● Task to carry out: Give back the full listing verbatim, apart from its images.
-------- Collected material --------
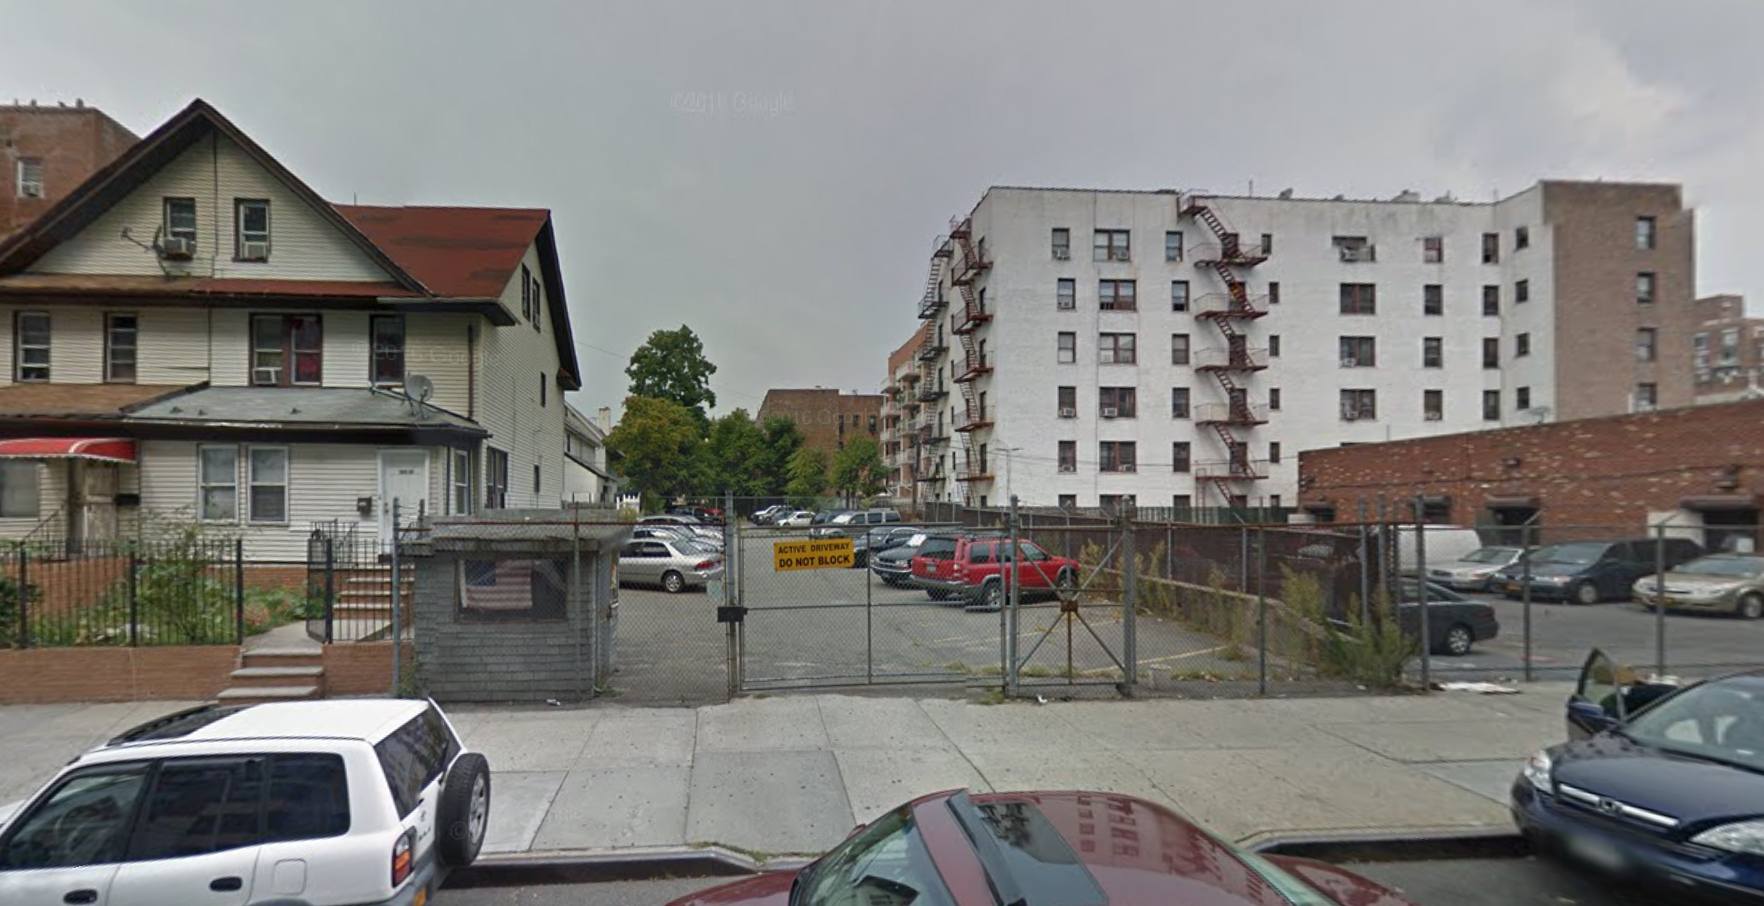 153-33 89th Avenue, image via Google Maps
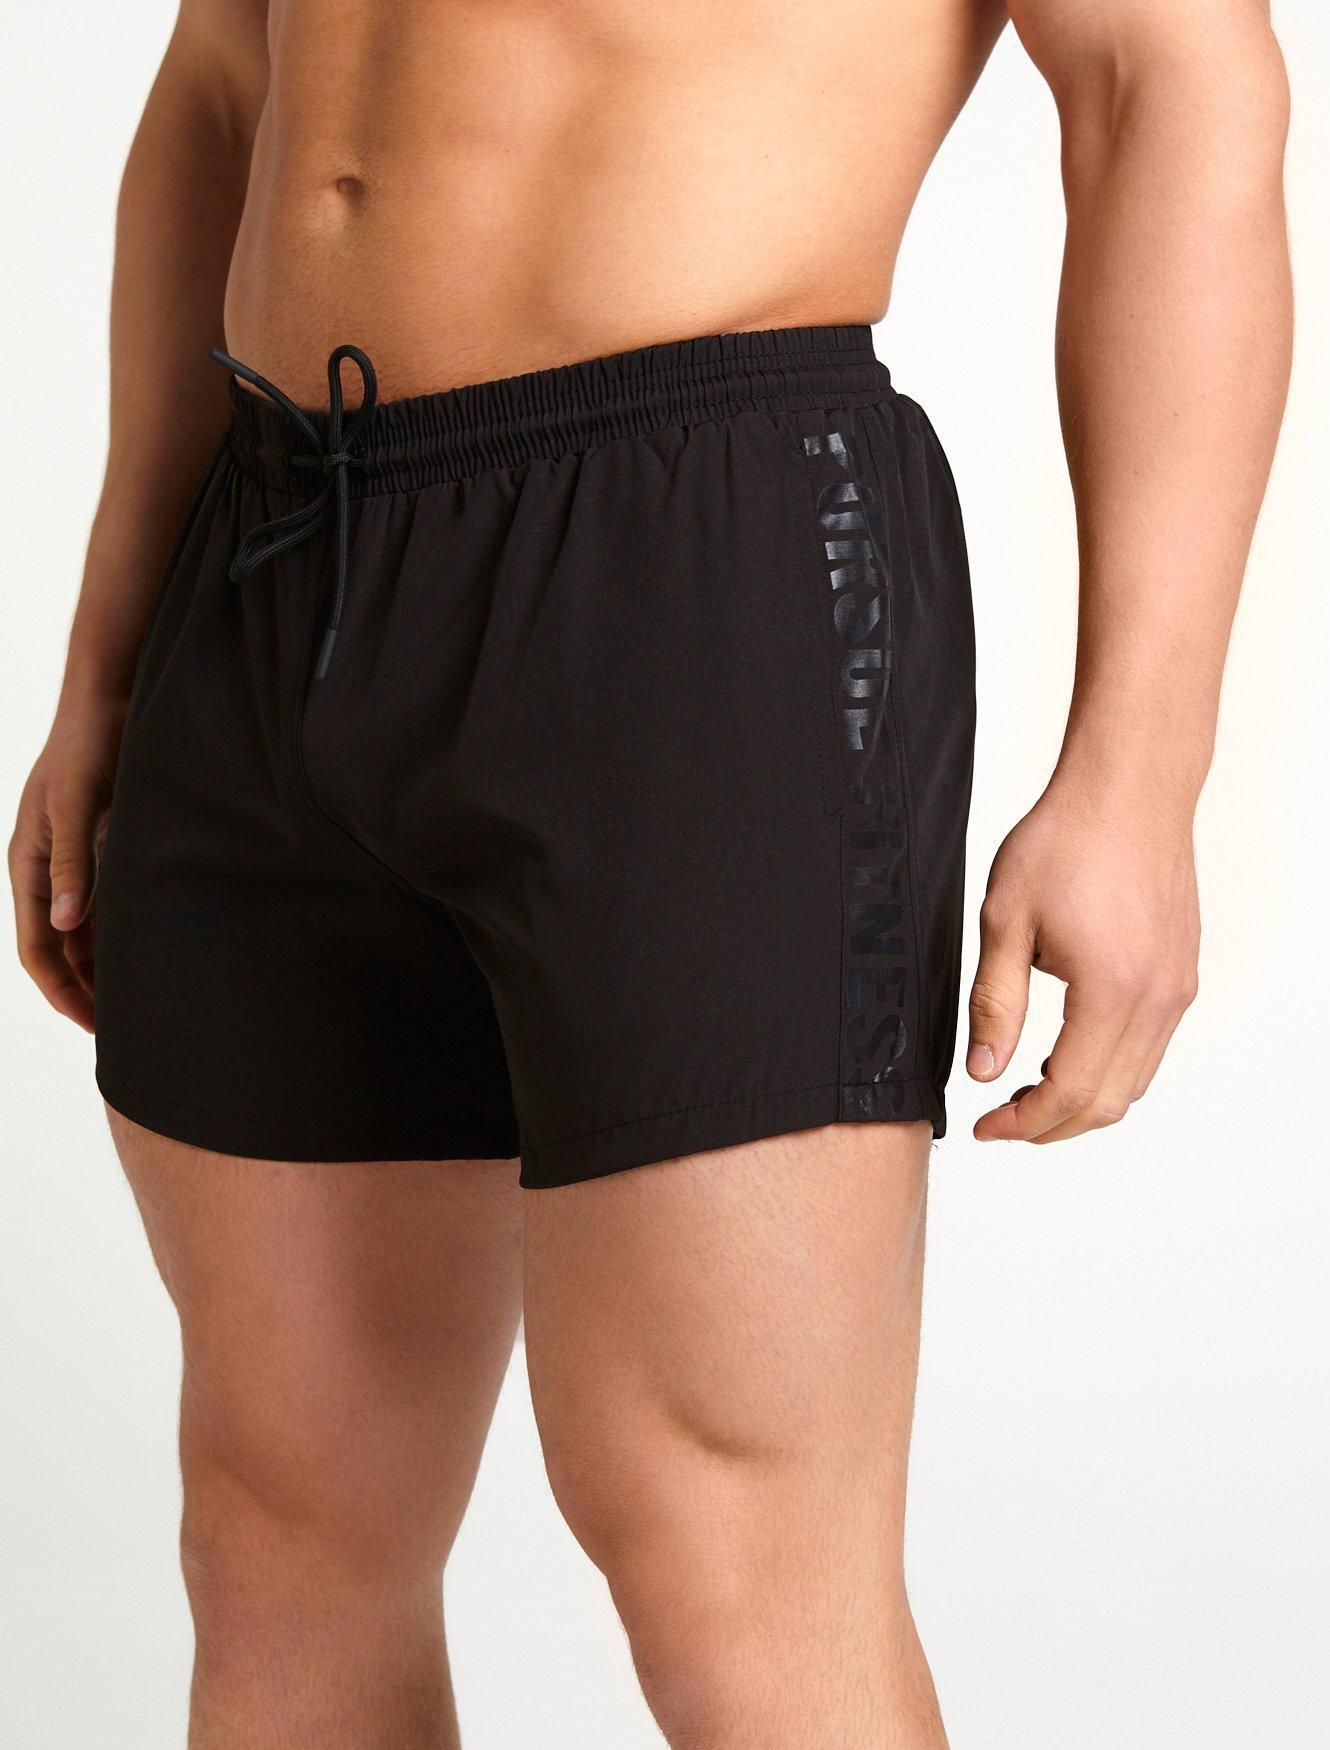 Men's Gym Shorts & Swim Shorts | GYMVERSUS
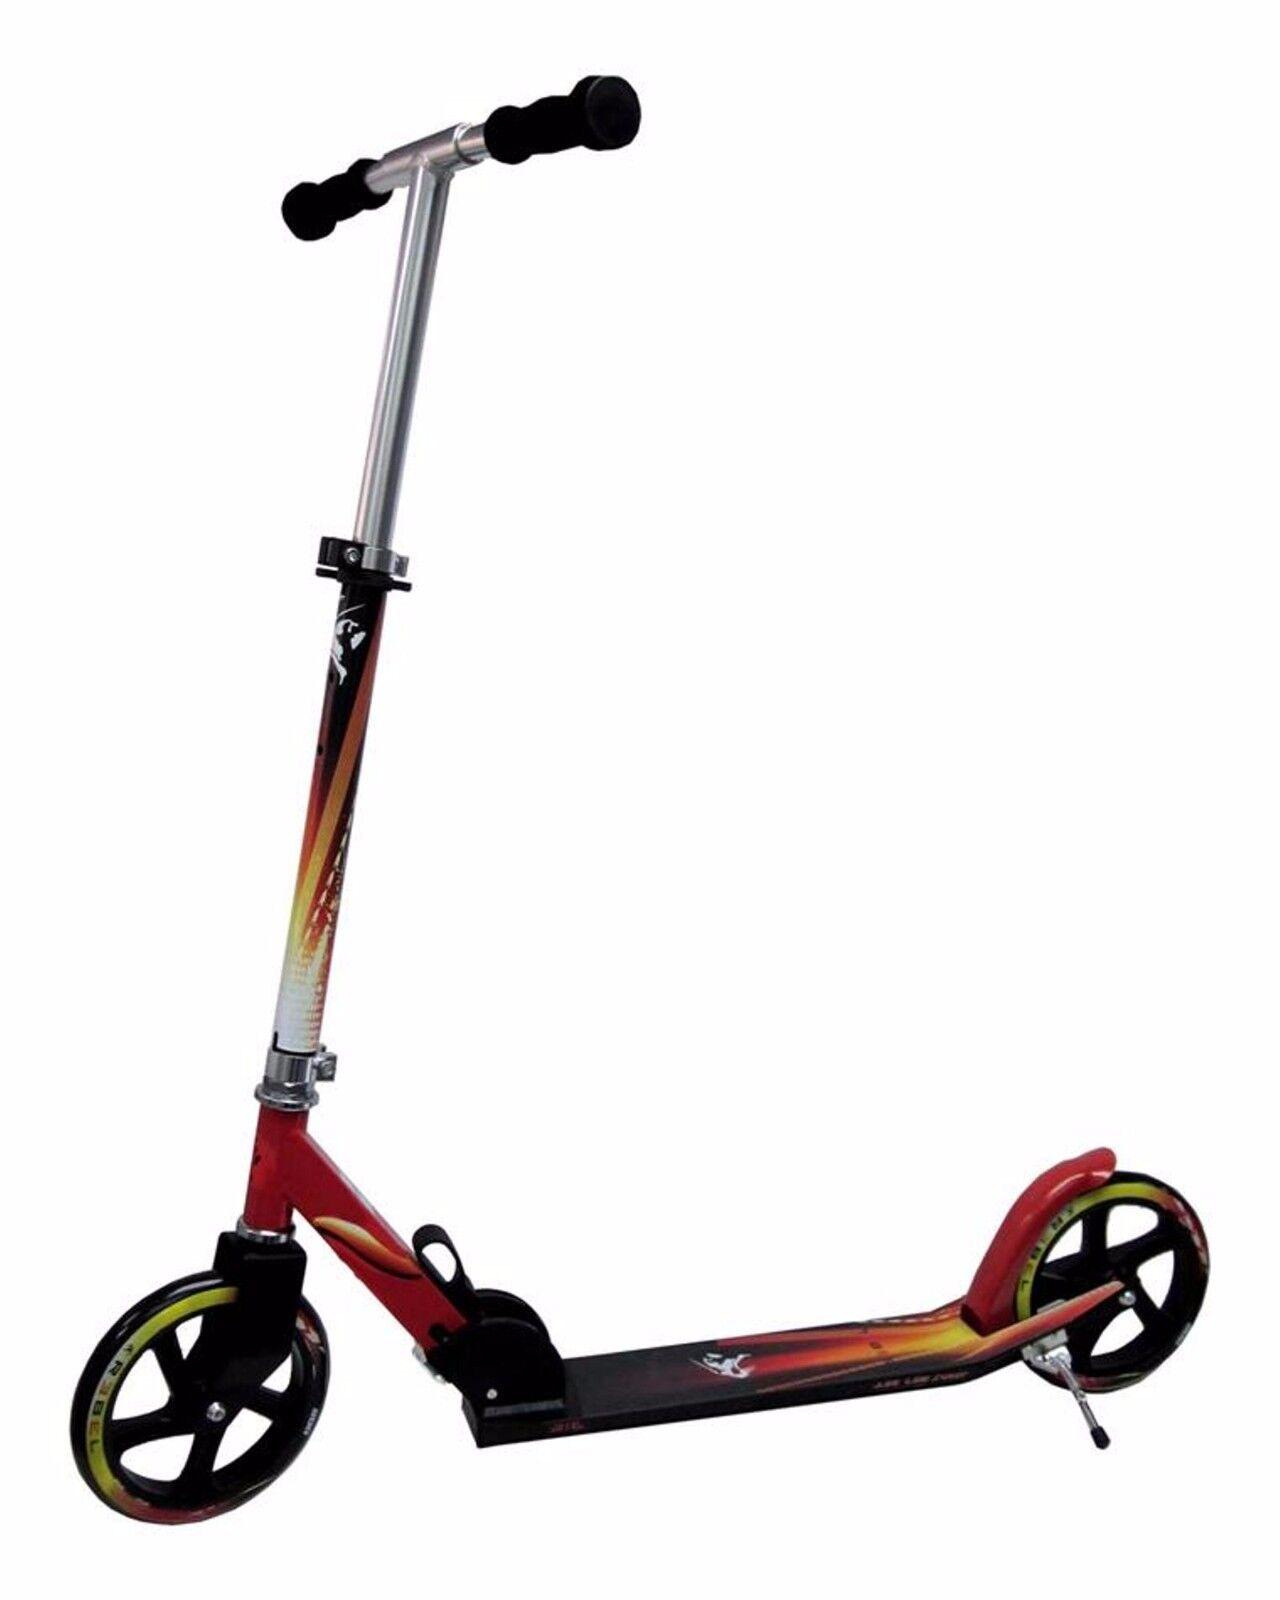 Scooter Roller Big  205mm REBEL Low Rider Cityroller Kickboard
--------
● Reply to the task:
 153-33 89th Avenue, image via Google Maps
 Men's Gym Shorts & Swim Shorts | GYMVERSUS
 Scooter Roller Big  205mm REBEL Low Rider Cityroller Kickboard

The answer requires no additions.